By these standards, the internet and tech revolution of the 1990s barely mattered. I could definitely see something as large as the rise of the internet happening in the next 10 years. But to meet my high bar, we'll likely need to see something radically changing the way we live our lives (or something that makes us go extinct).

Replies from: Aidan O'Gara
comment by aogara (Aidan O'Gara) · 2022-12-06T22:00:52.461Z · LW(p) · GW(p)

I think it's worth forecasting AI risk timelines instead of GDP timelines, because the former is what we really care about while the latter raises a bunch of economics concerns that don't necessarily change the odds of x-risk. Daniel Kokotajlo made this point [LW · GW] well a few years ago. 

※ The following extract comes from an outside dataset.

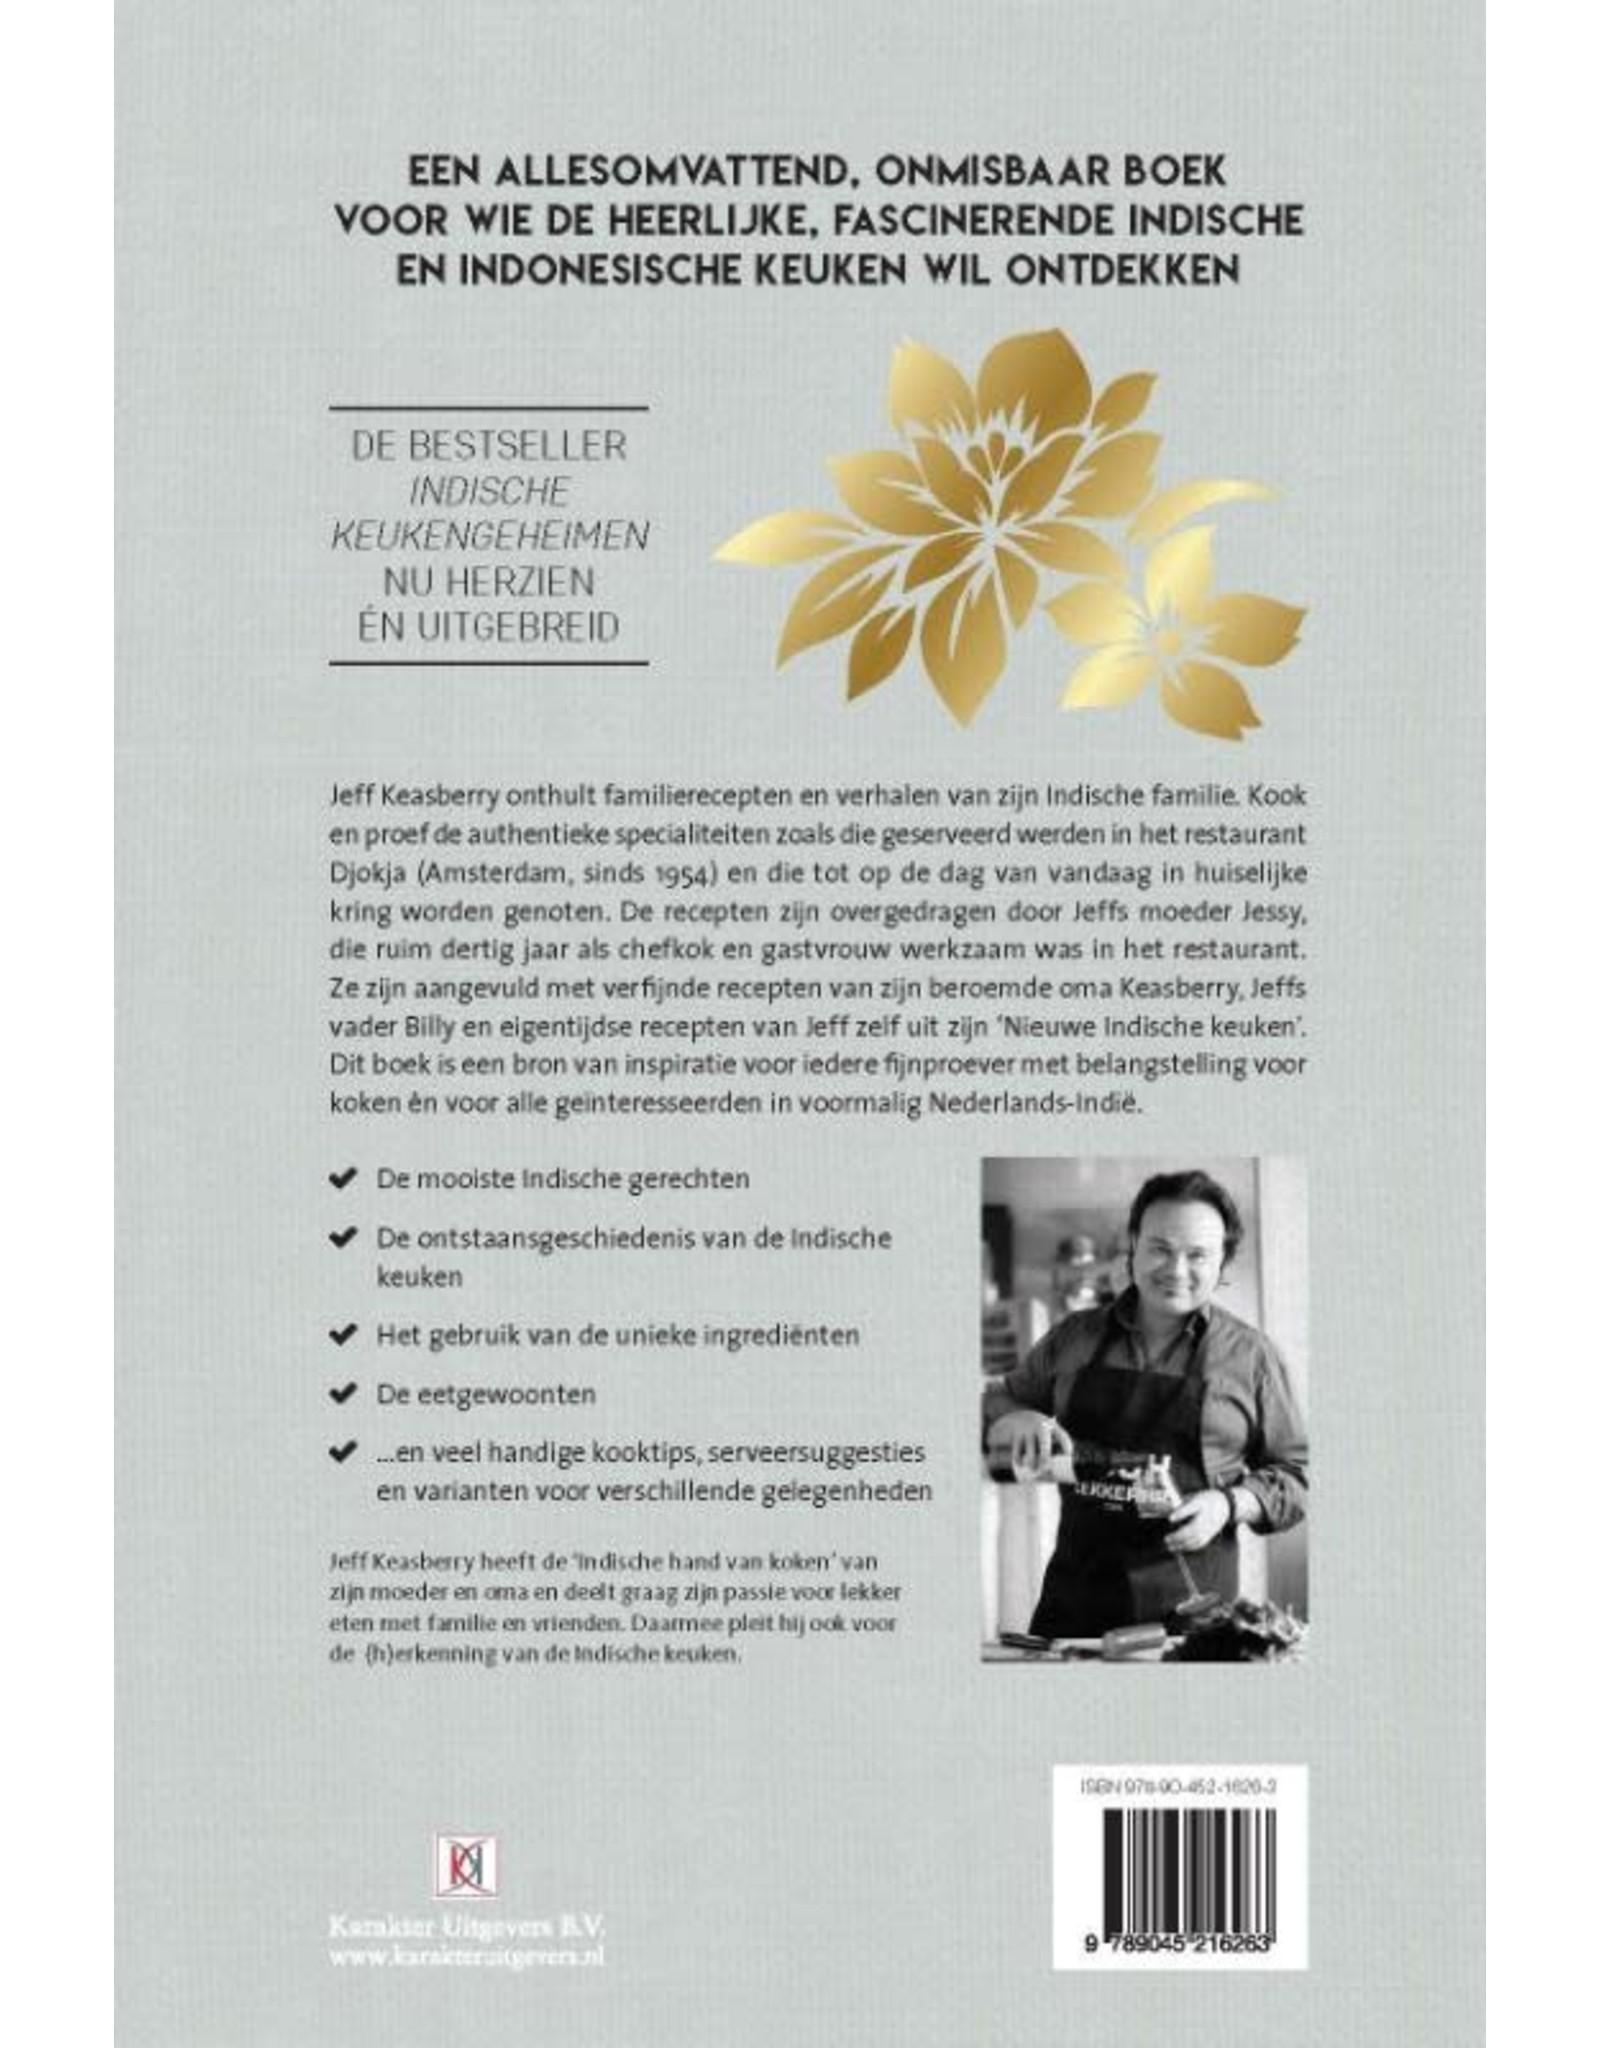 Jeff Keasberry Alle Indische Keukengeheimen

On a separate note, you might be interested in Erik Byrnjolfsson's work on the economic impact of AI and other technologies. For example this paper argues that general purpose technologies have an implementation lag, where many people can see the transformative potential of the technology decades before the economic impact is realized. This would explain the Solow Paradox, named after economist Robert Solow's 1987 remark that "you can see the computer age everywhere but in the productivity statistics." Solow was right that the long-heralded technology had not had significant economic impact at that point in time, but the coming decade would change that narrative with >4% real GDP growth in the United States driven primarily by IT. I've been taking notes on these and other economics papers relevant to AI timelines forecasting, send me your email if you'd like to check it out. 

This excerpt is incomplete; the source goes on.